Experimental results demonstrated that all tested triazole fungicides significantly inhibited the germination of Fusarium graminearum spores. Compared with the control group (germination rate: 90.44%, germination degree: 67.36%), the germination rate and germination degree of the fungicide-treated groups decreased to 56.82–80.12% and 29.63–61.49%, respectively. Among the fungicides, Prochloraz exhibited the strongest inhibitory activity, yielding the lowest average germination rate (57.34%) and germination degree (31.53%), followed by Prothioconazole (average germination rate: 76.25%).

In terms of concentration dependence, the inhibitory effects of Prochloraz and Tebuconazole (a triazole fungicide) increase with the rise in concentration. Taking Prochloraz as an example, its germination degree decreases from 32.39% in the 5 ppm treatment group to 29.63% in the 7 ppm group. Interestingly, Prothioconazole showed a slight rebound at 6 ppm, with a germination rate of 80.12%, notably higher than the 72.49% observed at 5 ppm. This abnormal trend may be related to the specific mechanism of action of the fungicide.

Comparison between manual counts and model predictions verified the reliability of the framework. The relative error of germination rate prediction does not exceed 5.18%, and the error range of germination degree is within 16.85% (the latter error is mainly caused by measurement differences of tiny germ tubes). The 5 ppm Prothioconazole group demonstrated the highest consistency, with a relative error in germination rate prediction of only 0.18%, underscoring the model’s high-precision quantitative capability under specific conditions.

4.4. Comparison of Model Visualization Results

The comparative analysis of model visualization (Figure 7) demonstrates the actual performance of the proposed framework in identifying the germination status of Fusarium graminearum spores and localizing key points under different lighting conditions. As illustrated in Figure 7, the framework demonstrates strong recognition capability under both bright and dark microscopic backgrounds, effectively distinguishing germinated (Ag) from non-germinated (Ng) spores and completing the corresponding key point annotations.

For individual spores identified as non-germinated (Ng), the visualization results clearly show that the model only labels them as the Ng category, without the need to annotate key points. This aligns with the framework’s design logic: since Ng spores lack germ tube structures, their germination degree is consistently defined as 0. Therefore, there is no need for key point localization and subsequent length calculation, thereby avoiding unnecessary computational redundancy.
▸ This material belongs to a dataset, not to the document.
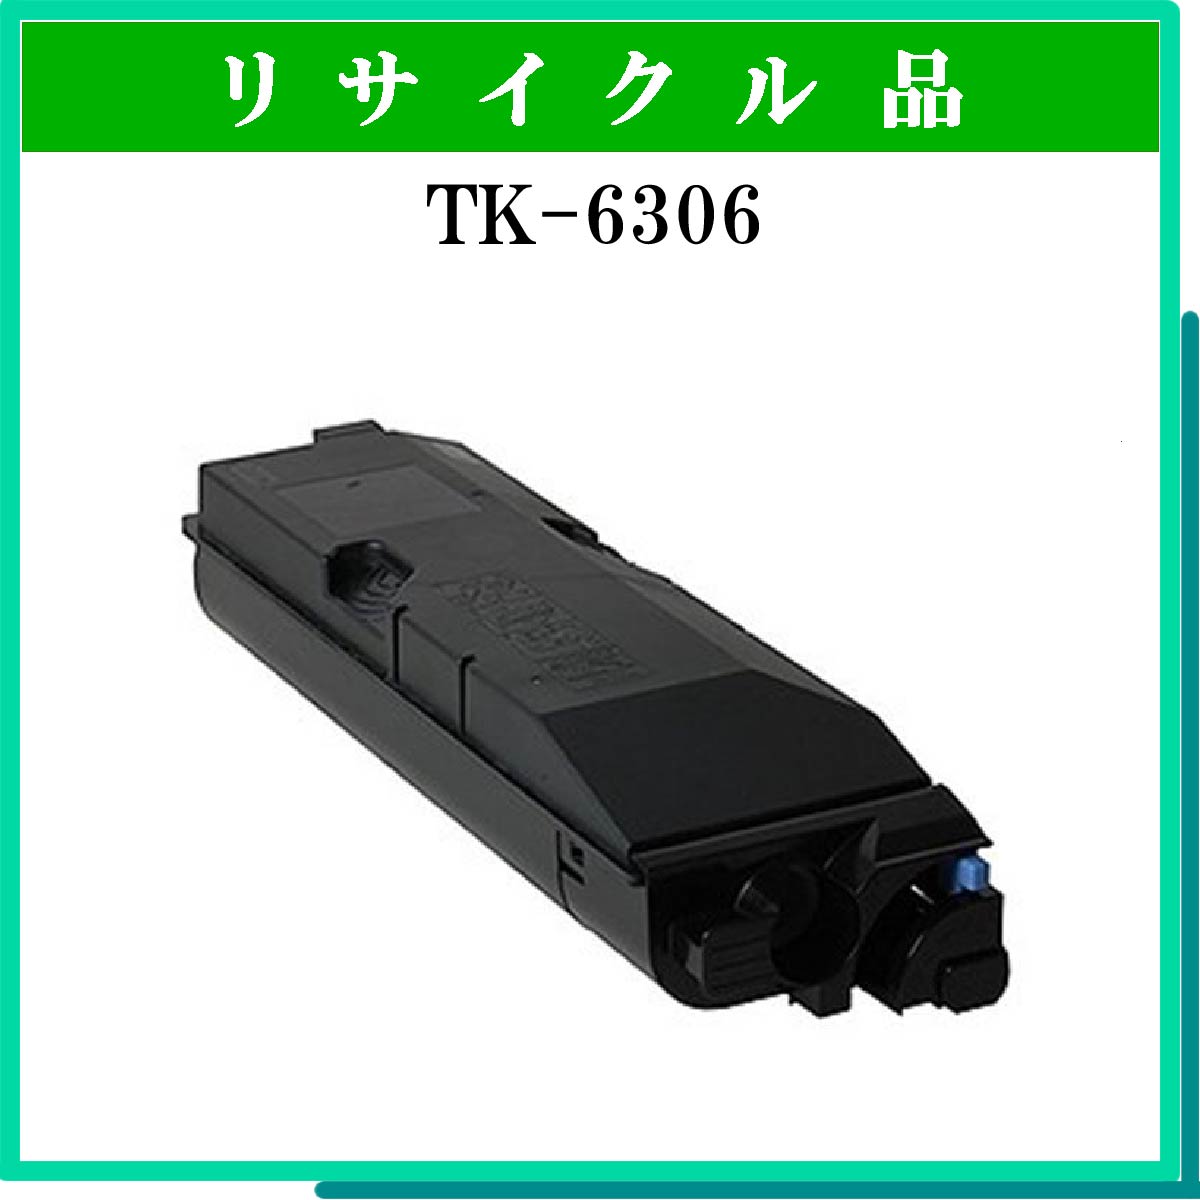 TK-6306

These visualization results further demonstrate the robustness of the model in complex microscopic imaging environments. Whether under bright or dark background conditions, the model can stably perform its core functions: first, the target detection module accurately locates spore instances and classifies their germination status (Ag/Ng) correctly; subsequently, for spores identified as Ag, the key point localization module (UniFormer-CGS) can precisely mark the key point positions of the two ends of the spore body (Head1, Head2) and the tips of the germ tubes (Tail1, Tail2); finally, the phenotypic quantification module calculates the germination degree based on these key point coordinates. The framework’s stable performance under varying light intensities can be attributed to its integrated technologies: data augmentation (e.g., random brightness adjustment) enhanced generalization to illumination changes; CBAM attention improved focus on critical regions such as spore bodies and germ tube tips; and GFHL optimized localization accuracy in boundary-blurred regions. The comparative results in Figure 7 intuitively verify the effectiveness of this integrated framework in addressing the challenge of uneven illumination, which is common in practical microscopic imaging.

5. Discussion

5.1. Comparison with Existing Methods

The EffiFormer-CGS framework proposed in this study offers substantial advantages over existing methods by addressing the core challenges of microscopic image analysis for Fusarium graminearum spore germination—specifically, achieving high-precision object detection, fine-grained key point localization, and robust phenotypic quantification simultaneously.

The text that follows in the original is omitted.